_Work task_
Below are the entries. Transcribe exactly the lines from the one with "Vince Camuto Dress" through the one with "acheter lanterne chinoise", ends included, and leave out all others.

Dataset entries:
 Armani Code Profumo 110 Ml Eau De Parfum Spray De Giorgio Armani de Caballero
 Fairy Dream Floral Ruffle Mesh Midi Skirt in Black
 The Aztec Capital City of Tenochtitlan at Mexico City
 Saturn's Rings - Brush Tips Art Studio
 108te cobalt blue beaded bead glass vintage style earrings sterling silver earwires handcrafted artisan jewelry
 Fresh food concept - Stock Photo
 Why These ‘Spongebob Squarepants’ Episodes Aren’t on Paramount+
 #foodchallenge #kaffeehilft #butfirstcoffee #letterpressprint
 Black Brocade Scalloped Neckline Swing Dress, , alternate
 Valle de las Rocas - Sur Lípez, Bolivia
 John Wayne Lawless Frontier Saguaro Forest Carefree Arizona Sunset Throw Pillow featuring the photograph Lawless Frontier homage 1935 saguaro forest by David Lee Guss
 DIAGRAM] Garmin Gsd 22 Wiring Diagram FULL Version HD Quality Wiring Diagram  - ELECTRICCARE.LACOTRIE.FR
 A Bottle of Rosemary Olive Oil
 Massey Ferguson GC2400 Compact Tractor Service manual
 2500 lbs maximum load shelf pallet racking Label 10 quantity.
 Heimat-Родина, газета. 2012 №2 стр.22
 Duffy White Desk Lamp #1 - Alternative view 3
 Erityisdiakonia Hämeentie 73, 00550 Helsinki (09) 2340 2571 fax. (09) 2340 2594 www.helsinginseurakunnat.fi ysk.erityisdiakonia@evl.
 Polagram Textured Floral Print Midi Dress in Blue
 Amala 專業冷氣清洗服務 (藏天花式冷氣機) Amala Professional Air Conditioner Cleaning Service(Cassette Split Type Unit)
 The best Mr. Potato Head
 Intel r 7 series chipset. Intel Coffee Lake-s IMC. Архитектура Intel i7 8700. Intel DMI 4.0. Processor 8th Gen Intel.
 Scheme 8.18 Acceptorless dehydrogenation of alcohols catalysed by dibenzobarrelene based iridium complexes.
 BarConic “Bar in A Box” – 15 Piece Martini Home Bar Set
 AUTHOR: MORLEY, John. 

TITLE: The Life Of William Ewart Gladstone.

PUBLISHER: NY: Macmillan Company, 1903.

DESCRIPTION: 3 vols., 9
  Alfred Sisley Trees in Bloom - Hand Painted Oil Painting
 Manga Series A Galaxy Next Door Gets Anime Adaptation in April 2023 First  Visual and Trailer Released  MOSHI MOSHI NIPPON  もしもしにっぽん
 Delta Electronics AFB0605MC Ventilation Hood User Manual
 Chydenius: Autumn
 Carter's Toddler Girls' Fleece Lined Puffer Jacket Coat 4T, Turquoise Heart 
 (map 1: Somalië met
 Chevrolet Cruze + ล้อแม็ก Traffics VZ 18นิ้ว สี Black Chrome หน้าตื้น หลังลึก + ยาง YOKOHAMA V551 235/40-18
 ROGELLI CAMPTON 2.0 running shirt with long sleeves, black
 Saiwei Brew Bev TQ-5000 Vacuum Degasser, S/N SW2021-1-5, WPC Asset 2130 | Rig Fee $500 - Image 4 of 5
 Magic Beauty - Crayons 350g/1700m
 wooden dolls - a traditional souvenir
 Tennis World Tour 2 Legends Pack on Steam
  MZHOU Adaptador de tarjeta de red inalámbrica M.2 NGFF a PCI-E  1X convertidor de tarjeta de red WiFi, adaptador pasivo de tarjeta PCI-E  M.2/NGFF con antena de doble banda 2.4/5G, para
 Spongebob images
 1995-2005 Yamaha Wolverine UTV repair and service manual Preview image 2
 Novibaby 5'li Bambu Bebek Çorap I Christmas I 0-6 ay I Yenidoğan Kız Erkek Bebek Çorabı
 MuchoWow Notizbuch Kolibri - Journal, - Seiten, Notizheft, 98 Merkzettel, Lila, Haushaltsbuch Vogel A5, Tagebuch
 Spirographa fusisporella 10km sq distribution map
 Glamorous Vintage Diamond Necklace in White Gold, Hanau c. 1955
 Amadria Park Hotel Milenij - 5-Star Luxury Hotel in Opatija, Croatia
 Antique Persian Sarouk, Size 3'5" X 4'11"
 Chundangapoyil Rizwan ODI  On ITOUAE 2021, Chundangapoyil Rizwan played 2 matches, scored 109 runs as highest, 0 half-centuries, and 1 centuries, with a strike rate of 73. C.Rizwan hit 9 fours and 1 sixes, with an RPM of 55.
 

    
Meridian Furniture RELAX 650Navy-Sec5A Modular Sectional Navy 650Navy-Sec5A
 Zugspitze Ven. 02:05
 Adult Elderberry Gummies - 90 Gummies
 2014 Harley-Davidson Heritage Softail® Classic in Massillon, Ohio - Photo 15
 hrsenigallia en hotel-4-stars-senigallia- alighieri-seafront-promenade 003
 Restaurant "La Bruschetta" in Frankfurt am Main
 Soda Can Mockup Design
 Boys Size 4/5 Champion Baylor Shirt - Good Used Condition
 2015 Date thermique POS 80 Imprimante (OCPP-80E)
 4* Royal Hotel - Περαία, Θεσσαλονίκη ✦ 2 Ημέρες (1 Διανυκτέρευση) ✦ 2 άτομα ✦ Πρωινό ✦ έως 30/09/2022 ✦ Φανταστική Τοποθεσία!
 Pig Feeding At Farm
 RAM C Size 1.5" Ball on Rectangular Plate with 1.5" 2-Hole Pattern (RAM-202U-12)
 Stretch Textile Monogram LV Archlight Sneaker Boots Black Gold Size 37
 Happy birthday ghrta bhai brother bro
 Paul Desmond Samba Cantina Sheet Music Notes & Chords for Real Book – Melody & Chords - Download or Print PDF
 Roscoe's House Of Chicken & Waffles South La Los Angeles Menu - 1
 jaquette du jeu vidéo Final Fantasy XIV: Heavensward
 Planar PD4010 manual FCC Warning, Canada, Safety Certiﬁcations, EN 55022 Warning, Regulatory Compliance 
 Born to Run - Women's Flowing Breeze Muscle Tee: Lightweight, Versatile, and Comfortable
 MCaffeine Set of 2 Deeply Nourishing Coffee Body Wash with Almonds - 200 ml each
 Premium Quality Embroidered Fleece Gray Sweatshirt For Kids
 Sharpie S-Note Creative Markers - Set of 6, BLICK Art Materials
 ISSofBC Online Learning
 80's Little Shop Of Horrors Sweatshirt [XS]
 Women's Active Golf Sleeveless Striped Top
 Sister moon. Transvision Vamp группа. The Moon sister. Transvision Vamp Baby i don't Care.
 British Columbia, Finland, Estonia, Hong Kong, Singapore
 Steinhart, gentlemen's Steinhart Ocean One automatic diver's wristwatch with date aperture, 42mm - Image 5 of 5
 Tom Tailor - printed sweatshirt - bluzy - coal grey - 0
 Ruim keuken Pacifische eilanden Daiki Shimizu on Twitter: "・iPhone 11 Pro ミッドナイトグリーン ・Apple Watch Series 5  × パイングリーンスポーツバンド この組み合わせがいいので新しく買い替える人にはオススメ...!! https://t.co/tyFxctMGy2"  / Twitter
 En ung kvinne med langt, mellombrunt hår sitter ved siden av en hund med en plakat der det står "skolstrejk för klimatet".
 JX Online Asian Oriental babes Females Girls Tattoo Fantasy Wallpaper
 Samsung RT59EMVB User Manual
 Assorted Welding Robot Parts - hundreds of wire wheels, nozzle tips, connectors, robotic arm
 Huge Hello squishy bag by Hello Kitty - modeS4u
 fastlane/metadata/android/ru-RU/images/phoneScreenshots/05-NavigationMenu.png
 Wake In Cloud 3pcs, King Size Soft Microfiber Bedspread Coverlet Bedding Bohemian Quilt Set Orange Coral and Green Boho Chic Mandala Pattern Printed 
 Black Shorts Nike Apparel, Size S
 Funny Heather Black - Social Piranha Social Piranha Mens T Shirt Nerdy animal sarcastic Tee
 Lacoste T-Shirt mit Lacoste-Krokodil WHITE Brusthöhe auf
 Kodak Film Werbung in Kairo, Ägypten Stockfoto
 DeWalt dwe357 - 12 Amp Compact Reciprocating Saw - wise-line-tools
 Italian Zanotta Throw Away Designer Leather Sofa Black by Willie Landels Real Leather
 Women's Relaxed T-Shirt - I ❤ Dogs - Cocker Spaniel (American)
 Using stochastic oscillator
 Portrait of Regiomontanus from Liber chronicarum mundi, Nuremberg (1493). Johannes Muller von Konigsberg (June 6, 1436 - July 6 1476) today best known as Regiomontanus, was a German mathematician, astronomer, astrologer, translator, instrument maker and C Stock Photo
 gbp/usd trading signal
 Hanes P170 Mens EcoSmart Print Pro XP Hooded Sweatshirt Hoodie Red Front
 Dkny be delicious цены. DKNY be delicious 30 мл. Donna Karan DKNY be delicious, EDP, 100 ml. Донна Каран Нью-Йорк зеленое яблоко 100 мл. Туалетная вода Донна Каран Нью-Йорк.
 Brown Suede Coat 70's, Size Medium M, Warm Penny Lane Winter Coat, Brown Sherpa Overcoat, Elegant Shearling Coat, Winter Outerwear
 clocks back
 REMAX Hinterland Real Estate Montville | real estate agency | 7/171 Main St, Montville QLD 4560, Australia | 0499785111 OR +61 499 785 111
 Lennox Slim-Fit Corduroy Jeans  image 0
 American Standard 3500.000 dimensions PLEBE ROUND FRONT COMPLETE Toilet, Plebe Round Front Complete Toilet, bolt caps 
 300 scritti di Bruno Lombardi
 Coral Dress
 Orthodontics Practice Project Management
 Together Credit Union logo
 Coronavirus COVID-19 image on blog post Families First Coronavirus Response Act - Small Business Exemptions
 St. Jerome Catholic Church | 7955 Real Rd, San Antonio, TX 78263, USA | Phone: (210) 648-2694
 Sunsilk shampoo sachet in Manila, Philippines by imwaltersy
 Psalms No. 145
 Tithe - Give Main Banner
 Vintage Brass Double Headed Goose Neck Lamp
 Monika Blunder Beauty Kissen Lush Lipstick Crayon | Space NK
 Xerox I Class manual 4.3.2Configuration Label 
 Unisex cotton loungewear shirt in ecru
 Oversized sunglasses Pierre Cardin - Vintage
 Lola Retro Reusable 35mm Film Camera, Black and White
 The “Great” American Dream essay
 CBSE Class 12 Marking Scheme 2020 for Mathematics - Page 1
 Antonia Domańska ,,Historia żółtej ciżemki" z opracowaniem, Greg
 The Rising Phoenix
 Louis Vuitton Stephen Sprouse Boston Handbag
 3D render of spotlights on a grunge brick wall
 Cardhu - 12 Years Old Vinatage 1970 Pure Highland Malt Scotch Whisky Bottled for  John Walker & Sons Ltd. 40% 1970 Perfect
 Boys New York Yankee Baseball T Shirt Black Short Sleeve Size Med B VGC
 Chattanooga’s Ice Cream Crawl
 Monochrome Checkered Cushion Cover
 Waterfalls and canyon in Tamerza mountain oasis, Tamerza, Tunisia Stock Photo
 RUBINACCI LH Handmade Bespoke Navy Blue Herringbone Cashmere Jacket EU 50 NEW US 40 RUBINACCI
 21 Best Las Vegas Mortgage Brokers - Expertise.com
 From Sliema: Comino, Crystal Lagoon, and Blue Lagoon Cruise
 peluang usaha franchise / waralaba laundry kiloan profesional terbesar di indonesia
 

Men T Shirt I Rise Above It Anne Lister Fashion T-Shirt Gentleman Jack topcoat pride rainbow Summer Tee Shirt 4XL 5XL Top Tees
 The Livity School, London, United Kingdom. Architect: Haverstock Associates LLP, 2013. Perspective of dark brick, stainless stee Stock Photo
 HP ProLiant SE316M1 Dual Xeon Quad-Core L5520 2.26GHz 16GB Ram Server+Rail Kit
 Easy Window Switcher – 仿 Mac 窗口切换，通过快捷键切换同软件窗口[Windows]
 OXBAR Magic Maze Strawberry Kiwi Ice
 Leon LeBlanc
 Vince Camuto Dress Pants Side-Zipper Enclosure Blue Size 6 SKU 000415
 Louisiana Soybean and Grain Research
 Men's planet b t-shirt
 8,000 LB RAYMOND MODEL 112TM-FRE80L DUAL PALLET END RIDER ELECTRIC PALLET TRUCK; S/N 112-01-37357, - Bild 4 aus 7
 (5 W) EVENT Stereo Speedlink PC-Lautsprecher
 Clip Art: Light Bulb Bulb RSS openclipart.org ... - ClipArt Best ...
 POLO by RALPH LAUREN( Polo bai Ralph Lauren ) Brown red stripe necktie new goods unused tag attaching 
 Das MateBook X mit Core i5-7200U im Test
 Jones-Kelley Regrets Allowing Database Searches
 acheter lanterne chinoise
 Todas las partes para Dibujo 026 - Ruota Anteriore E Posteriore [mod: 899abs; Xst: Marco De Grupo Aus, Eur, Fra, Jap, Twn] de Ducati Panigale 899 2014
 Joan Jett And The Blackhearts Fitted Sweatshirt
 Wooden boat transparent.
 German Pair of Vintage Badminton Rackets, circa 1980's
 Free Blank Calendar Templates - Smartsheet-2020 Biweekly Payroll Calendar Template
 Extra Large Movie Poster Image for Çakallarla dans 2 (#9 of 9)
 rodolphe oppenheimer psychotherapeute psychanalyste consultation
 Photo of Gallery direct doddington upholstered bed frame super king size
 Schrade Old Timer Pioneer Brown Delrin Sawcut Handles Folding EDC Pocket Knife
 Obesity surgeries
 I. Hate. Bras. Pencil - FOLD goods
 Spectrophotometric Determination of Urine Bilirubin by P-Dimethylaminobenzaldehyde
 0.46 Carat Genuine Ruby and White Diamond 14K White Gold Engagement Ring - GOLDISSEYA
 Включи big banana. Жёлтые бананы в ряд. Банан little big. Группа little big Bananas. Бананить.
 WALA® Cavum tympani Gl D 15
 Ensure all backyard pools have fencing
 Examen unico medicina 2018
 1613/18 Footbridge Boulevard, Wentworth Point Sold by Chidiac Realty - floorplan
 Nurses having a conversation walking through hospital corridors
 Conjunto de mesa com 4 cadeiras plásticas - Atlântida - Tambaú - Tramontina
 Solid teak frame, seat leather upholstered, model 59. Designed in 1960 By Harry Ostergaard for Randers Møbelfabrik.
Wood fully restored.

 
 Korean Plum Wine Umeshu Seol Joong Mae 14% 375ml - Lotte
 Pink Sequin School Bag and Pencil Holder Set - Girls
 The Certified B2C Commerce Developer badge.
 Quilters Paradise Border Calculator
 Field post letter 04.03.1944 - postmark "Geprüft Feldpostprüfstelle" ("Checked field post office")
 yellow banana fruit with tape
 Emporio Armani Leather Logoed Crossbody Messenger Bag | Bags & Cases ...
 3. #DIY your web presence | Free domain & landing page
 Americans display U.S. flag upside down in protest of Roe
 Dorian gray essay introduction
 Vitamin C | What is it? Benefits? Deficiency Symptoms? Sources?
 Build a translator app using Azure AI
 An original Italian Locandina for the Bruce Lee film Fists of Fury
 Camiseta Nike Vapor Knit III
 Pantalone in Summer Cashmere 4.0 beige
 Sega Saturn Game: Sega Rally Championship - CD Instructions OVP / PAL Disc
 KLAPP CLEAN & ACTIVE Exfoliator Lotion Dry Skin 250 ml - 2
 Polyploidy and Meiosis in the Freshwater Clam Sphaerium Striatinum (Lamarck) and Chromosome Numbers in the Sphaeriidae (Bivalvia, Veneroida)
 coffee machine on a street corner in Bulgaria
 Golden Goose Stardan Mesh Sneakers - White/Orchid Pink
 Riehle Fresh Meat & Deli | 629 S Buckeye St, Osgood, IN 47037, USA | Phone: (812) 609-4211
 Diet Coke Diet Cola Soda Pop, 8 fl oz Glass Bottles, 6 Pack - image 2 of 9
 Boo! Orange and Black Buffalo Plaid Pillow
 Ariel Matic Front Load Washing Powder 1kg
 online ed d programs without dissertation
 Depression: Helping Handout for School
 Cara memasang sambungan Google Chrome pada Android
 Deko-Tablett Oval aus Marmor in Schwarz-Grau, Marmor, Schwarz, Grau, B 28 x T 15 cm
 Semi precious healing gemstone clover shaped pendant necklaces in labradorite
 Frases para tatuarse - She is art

_Your response_
 Vince Camuto Dress Pants Side-Zipper Enclosure Blue Size 6 SKU 000415
 Louisiana Soybean and Grain Research
 Men's planet b t-shirt
 8,000 LB RAYMOND MODEL 112TM-FRE80L DUAL PALLET END RIDER ELECTRIC PALLET TRUCK; S/N 112-01-37357, - Bild 4 aus 7
 (5 W) EVENT Stereo Speedlink PC-Lautsprecher
 Clip Art: Light Bulb Bulb RSS openclipart.org ... - ClipArt Best ...
 POLO by RALPH LAUREN( Polo bai Ralph Lauren ) Brown red stripe necktie new goods unused tag attaching 
 Das MateBook X mit Core i5-7200U im Test
 Jones-Kelley Regrets Allowing Database Searches
 acheter lanterne chinoise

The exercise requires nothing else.